End-to-end credit scoring pipeline: SQL feature engineering → 4-model ensemble comparison → business-aware threshold optimization → Django + FastAPI deployment on Render.
🌐 Live Demo: credit-risk-ai.onrender.com
Built to simulate how a real fintech company engineers, trains, and serves a credit scoring model.
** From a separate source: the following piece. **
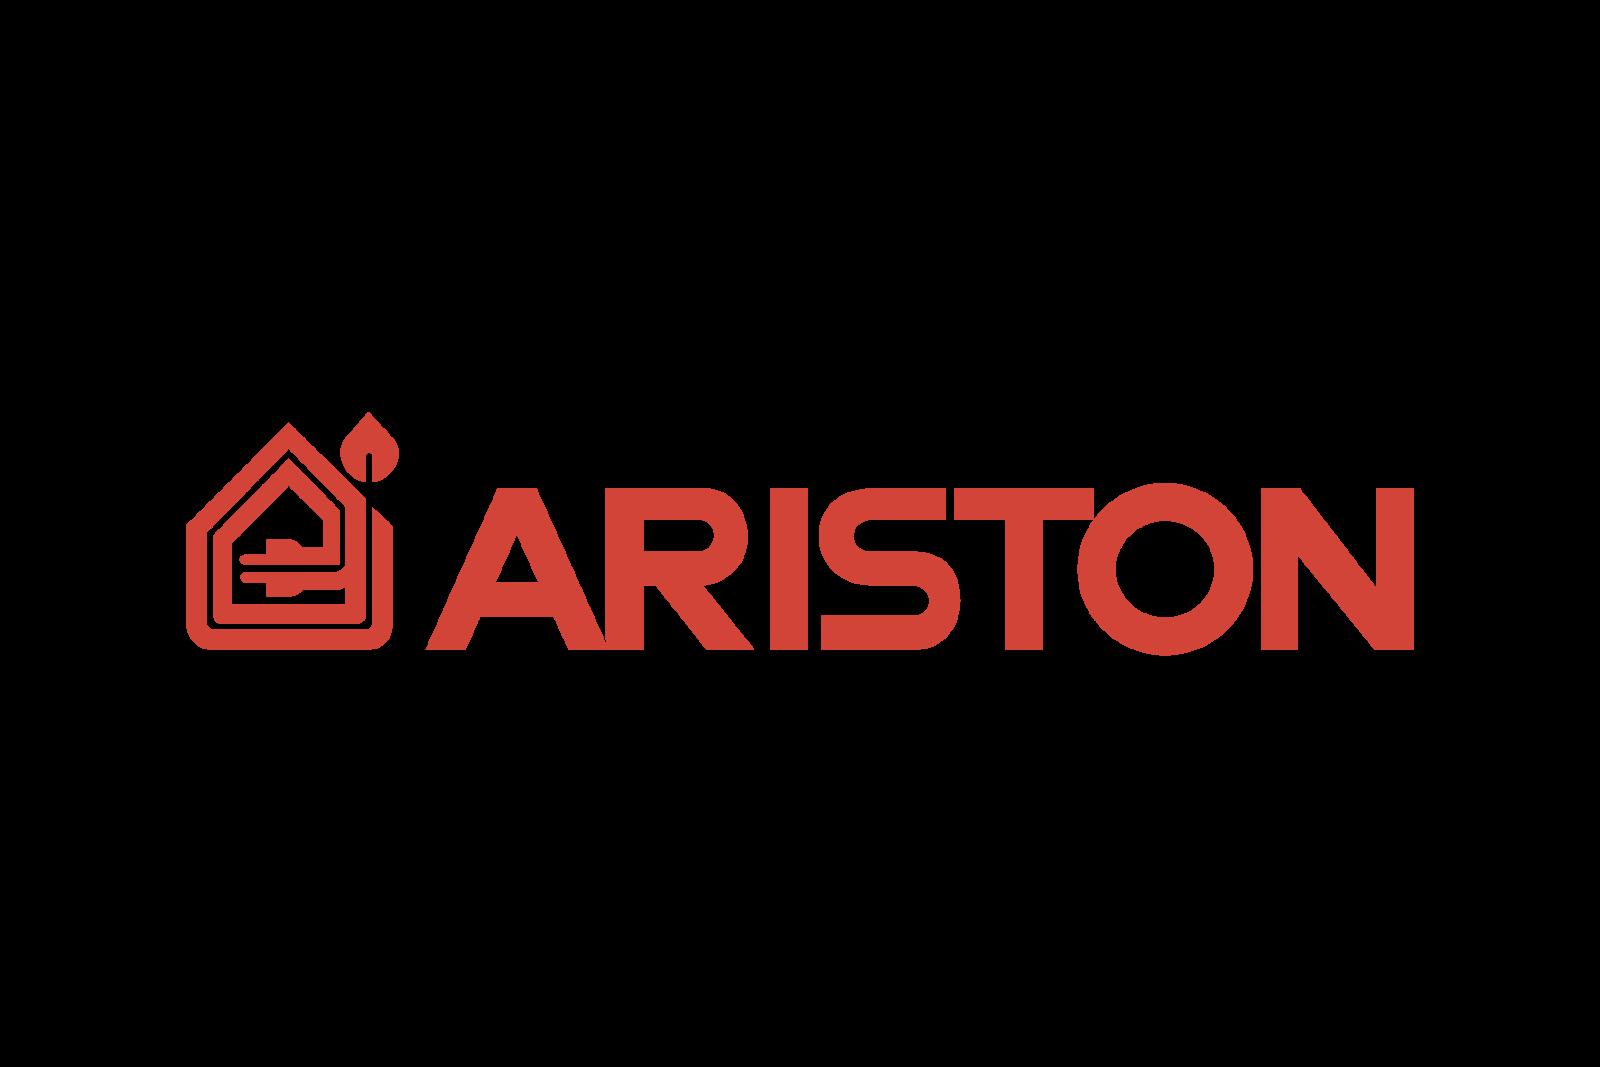 ariston logo. Black Bedroom Furniture Sets. Home Design Ideas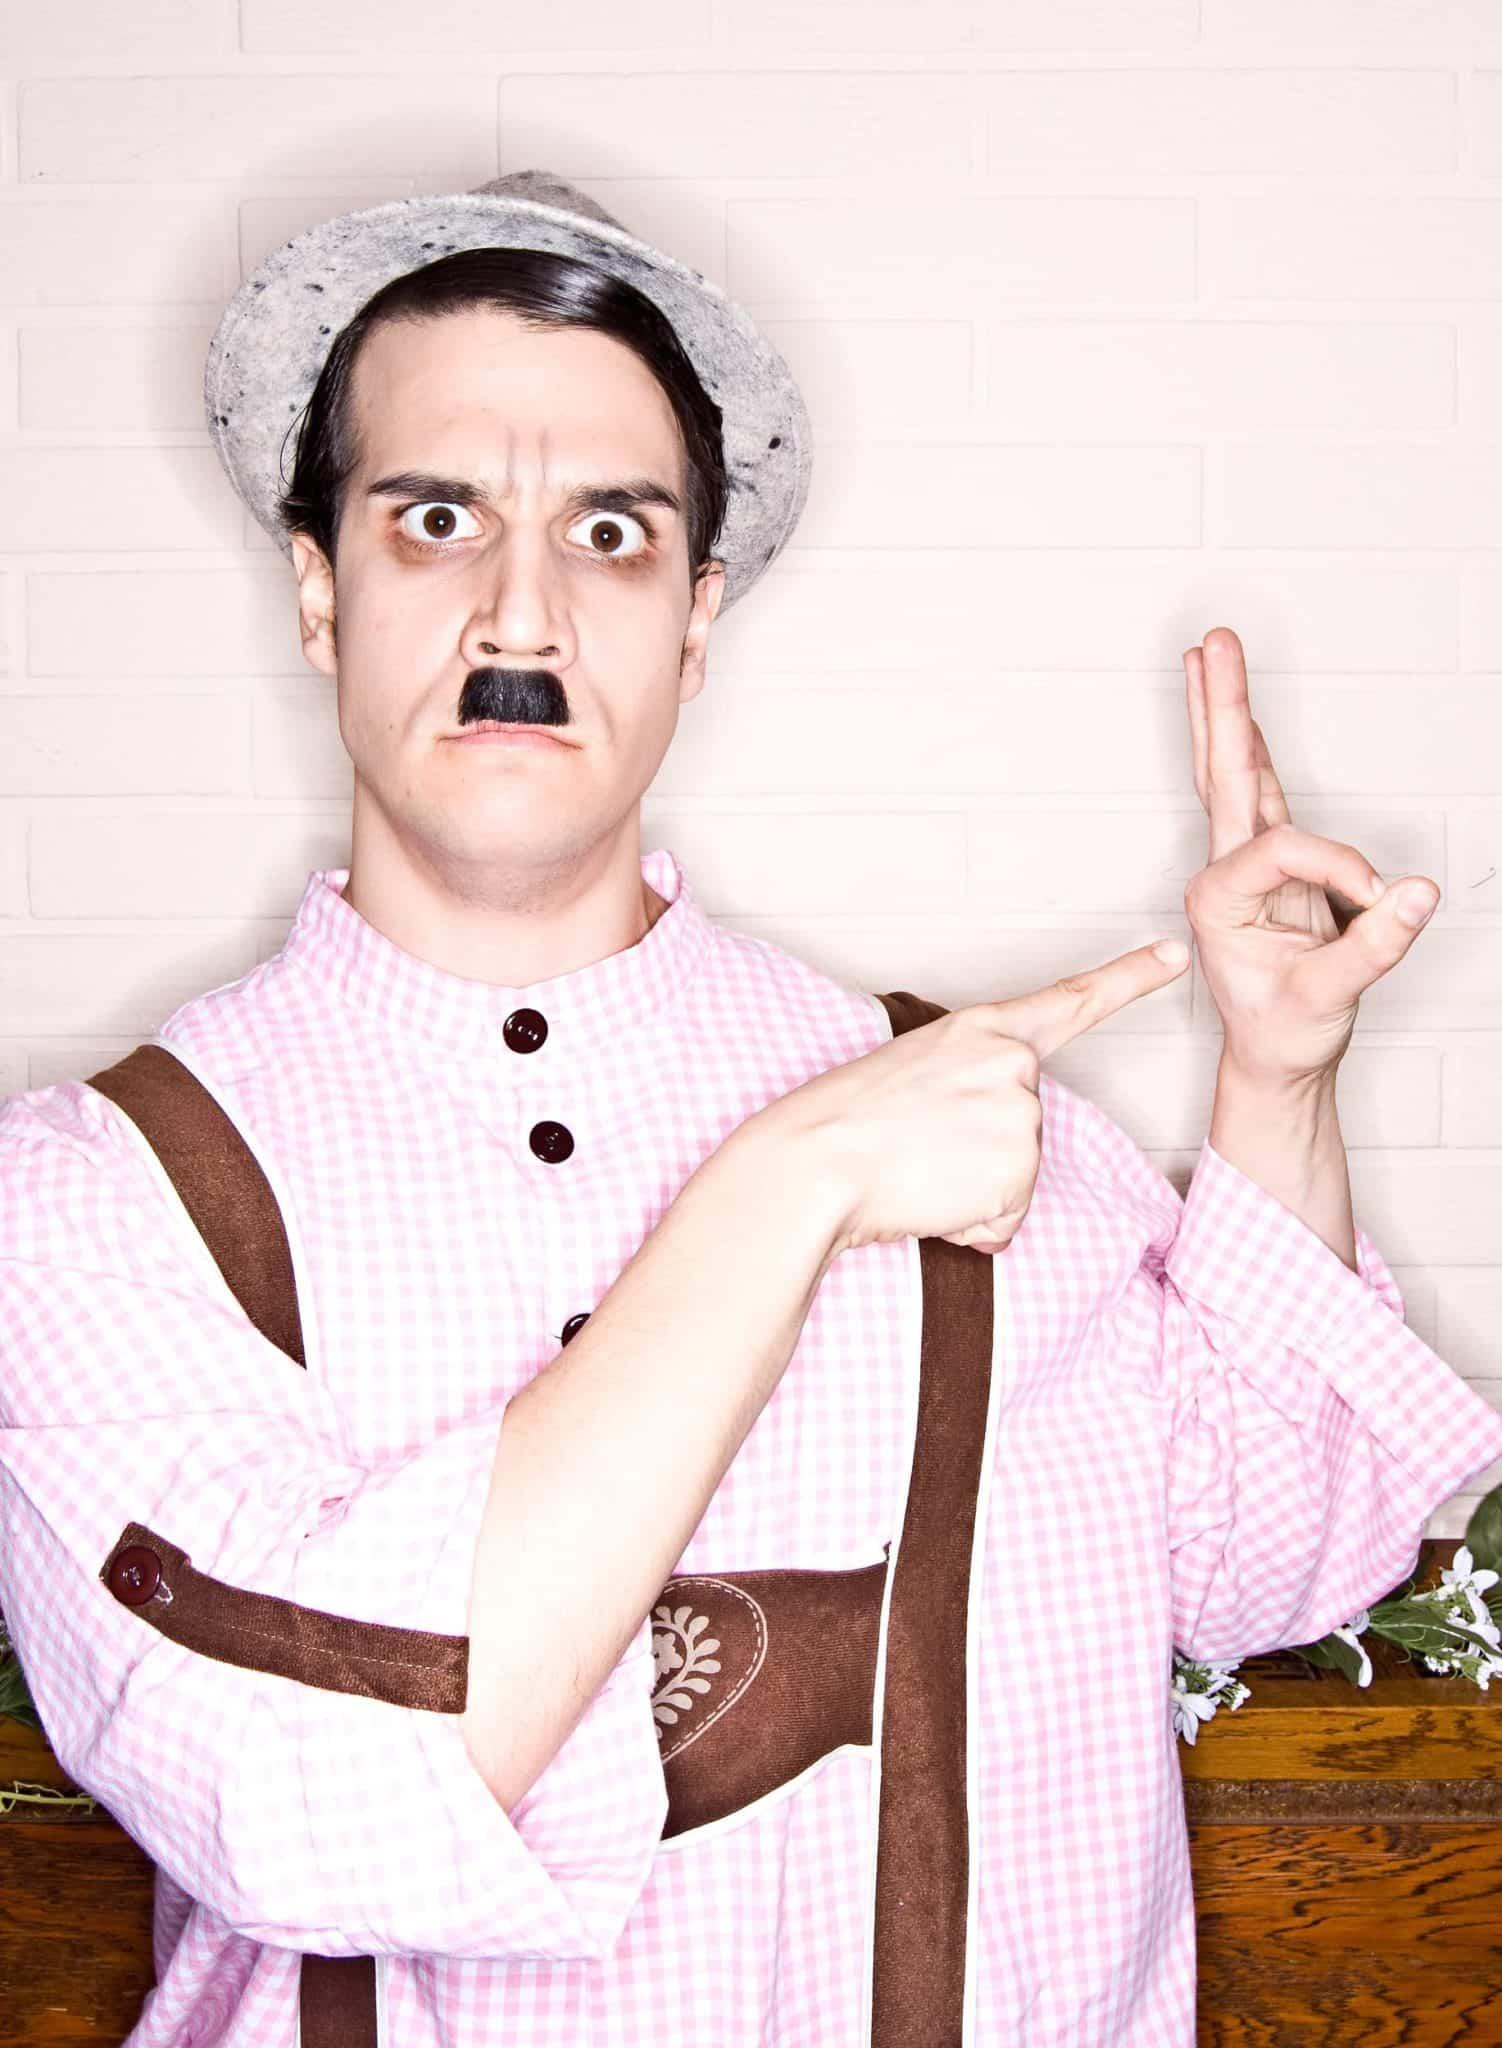 pure Adolf

The system covers:
- SQL-first feature engineering from 4 normalized database tables (66 engineered features)
- Production-grade preprocessing pipeline with MNAR-aware imputation, ordinal + one-hot encoding, and dual scaling strategies
- 4-model comparison with
RandomizedSearchCVtuning andStratifiedKFoldcross-validation - Business-aware threshold optimization using a cost matrix calibrated to real lending economics (₹91.2L savings demonstrated)
- Versioned model registry with rollback support and metadata tracking
- Django web app with SHAP explainability, animated prediction gauge, and model dashboard
- FastAPI ML microservice with Pydantic validation, Swagger docs, and health monitoring
- Full deployment stack: Docker Compose (local) + Render Blueprint (cloud)
Credit_Risk_ML/
├── database/ # Data generation & SQL feature engineering
│ ├── schema.sql # 4-table normalized schema (customers, loans, credit_history, payments)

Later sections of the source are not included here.